Friends Admitted To Its Most Glaring Plot Hole With This Perfect Joey Line In Season 6

Friends Admitted To Its Most Glaring Plot Hole With This Perfect Joey Line In Season 6

Friends acknowledged the most glaring plot hole about the sitcom’s six main characters with one clever line from Joey in an episode of season 6.
In season 6 of Friends, Joey drew attention to the most glaring plot hole in the entire series with one brilliant, scene-ending line. In the 30 years since Friends first premiered in 1994, the beloved sitcom’s legacy has managed to maintain longevity by continuing to entertain new and longtime viewers to this day. It is still the standard for sitcoms in many ways, due to the main Friends cast’s inimitable chemistry and impeccable comedic timing and delivery. Despite its reputation as one of the best sitcoms of all time, Friends was ridden with plot holes throughout its 10-season run.

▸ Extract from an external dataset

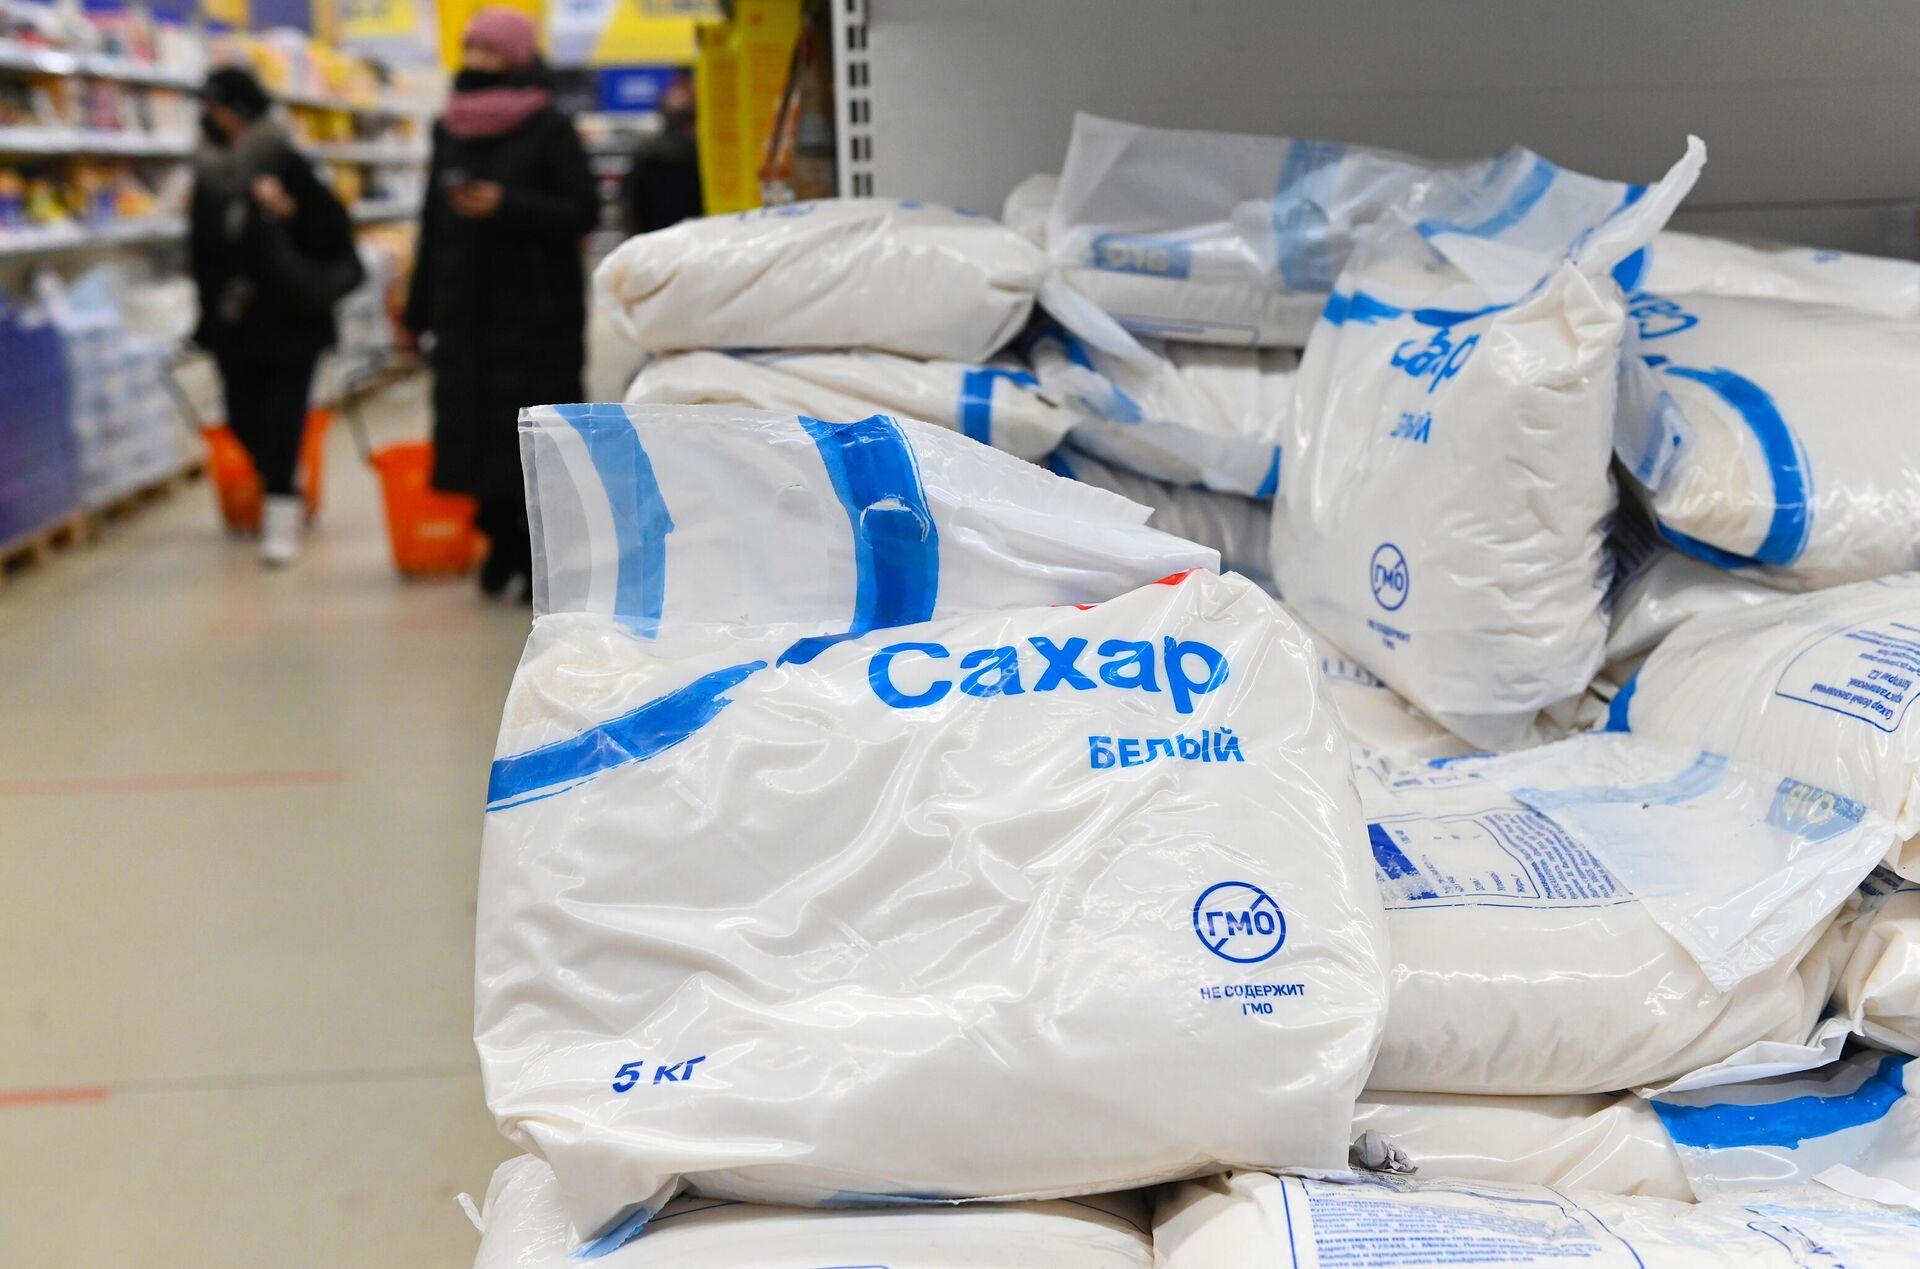 Цены упадут, но сначала взлетят. Что происходит с инфляцией в России

The plot holes in Friends ranged from inconsistencies like all the main Friends characters’ ages and birthdays, both independently and in relation to each other, to continuity errors like Rachel and Chandler having multiple first-time meetings. However, one plot hole could be detected in almost every episode of Friends. This near-everpresent plot hole was so glaring that the show even cleverly acknowledged it when Joey made a very valid point about the gang’s collective leisure habits in one season 6 episode.

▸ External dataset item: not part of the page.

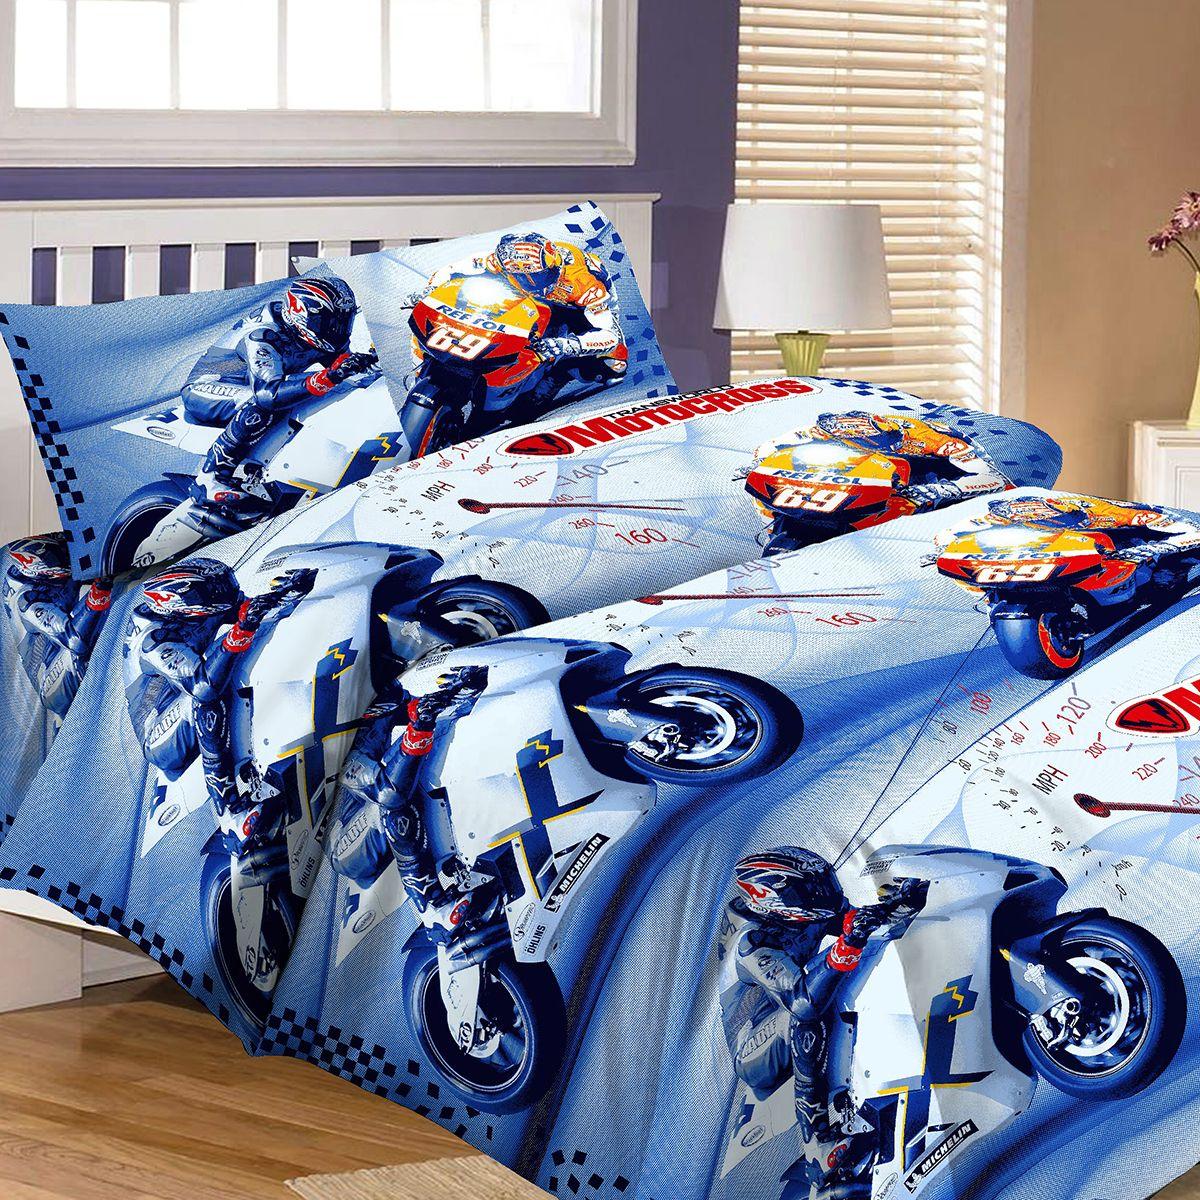 Комплект детского постельного белья Letto  Мотокросс , 1,5-спальный, наволочка 50x70, цвет: синий -  Постельное белье

Joey Mentioned The Central Perk Plot Hole In Friends Season 6
Joey Pointed Out How The Group Is Always At the Coffee House In The Middle Of The Workday
In season 6, episode 8, “The One with Ross’s Teeth,” the friends are sitting in their usual spot at Central Perk when Rachel mentions in conversation that her boss doesn’t like her very much. Monica and Chandler agree that they don’t think their bosses like them either, to which Ross speculates that it might just be “a universal thing.” Joey then makes the valid point that “maybe…it’s because you’re all hanging around here at 11:30 on a Wednesday!” A moment of realization falls over the group as they all get up to head to work, promptly ending the scene.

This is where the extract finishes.